* Provided material *
■ ■ ■ ■ ■ ■ ■

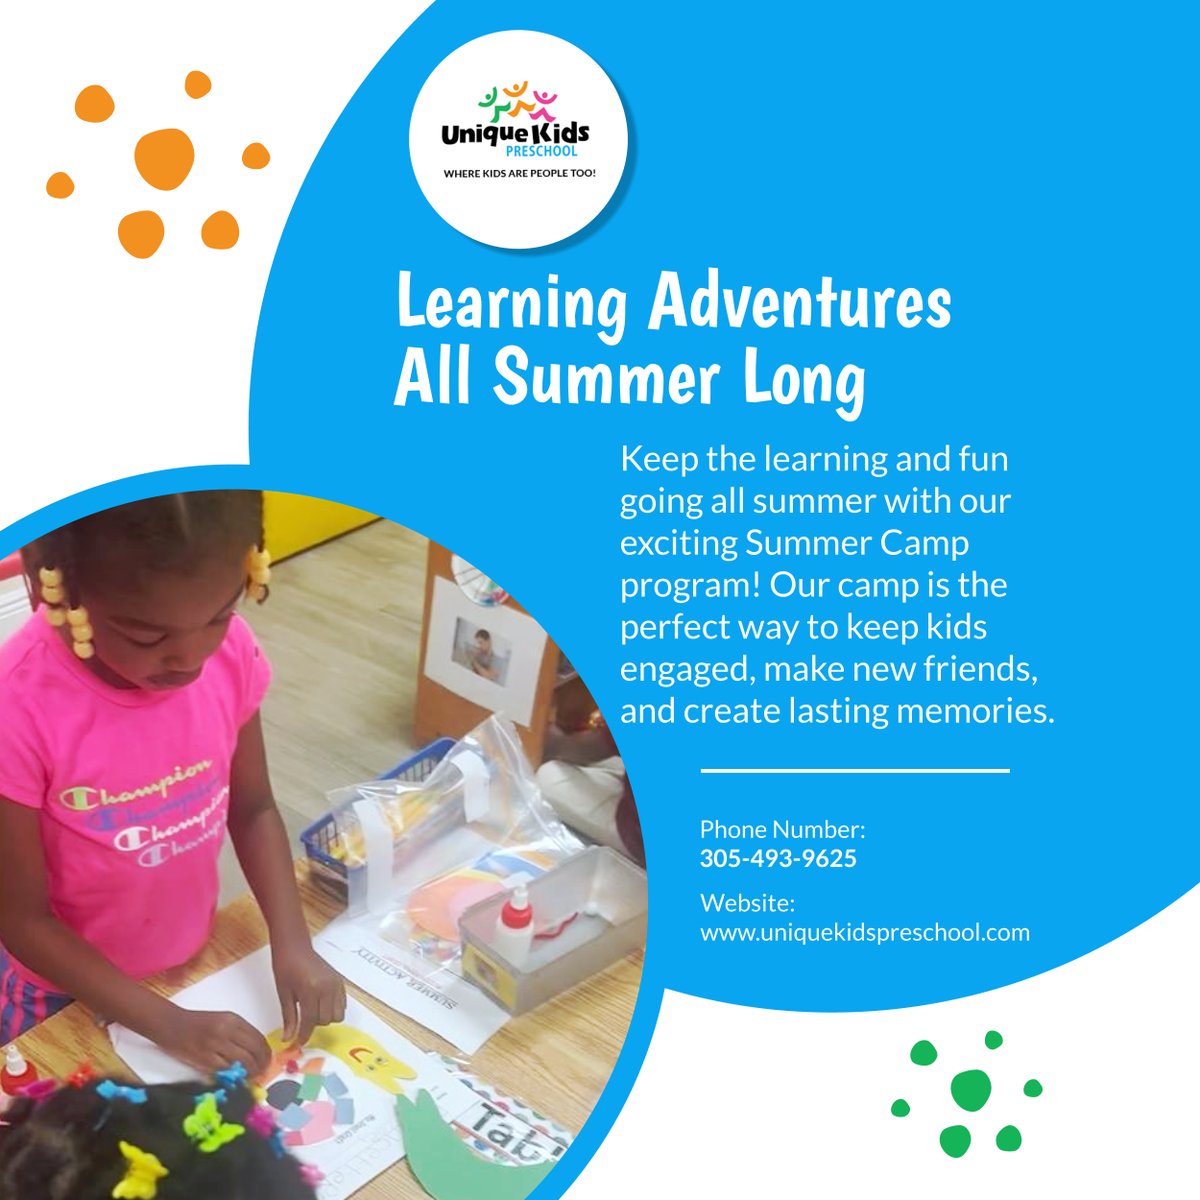 Make this summer unforgettable! 

Discover the magic of our Summer Camp and register your child today! 

#instafollow #Earlychildhoodeducation #Miami #Education #Children #Preschool #MiamiGardensFL #SummerCamp

■ ■ ■ ■ ■ ■ ■

* Exercise *
Line by line, restate the data above exactly as it stands, minus the pictures.

* Exercise solution *
 Make this summer unforgettable! 

Discover the magic of our Summer Camp and register your child today! 

#instafollow #Earlychildhoodeducation #Miami #Education #Children #Preschool #MiamiGardensFL #SummerCamp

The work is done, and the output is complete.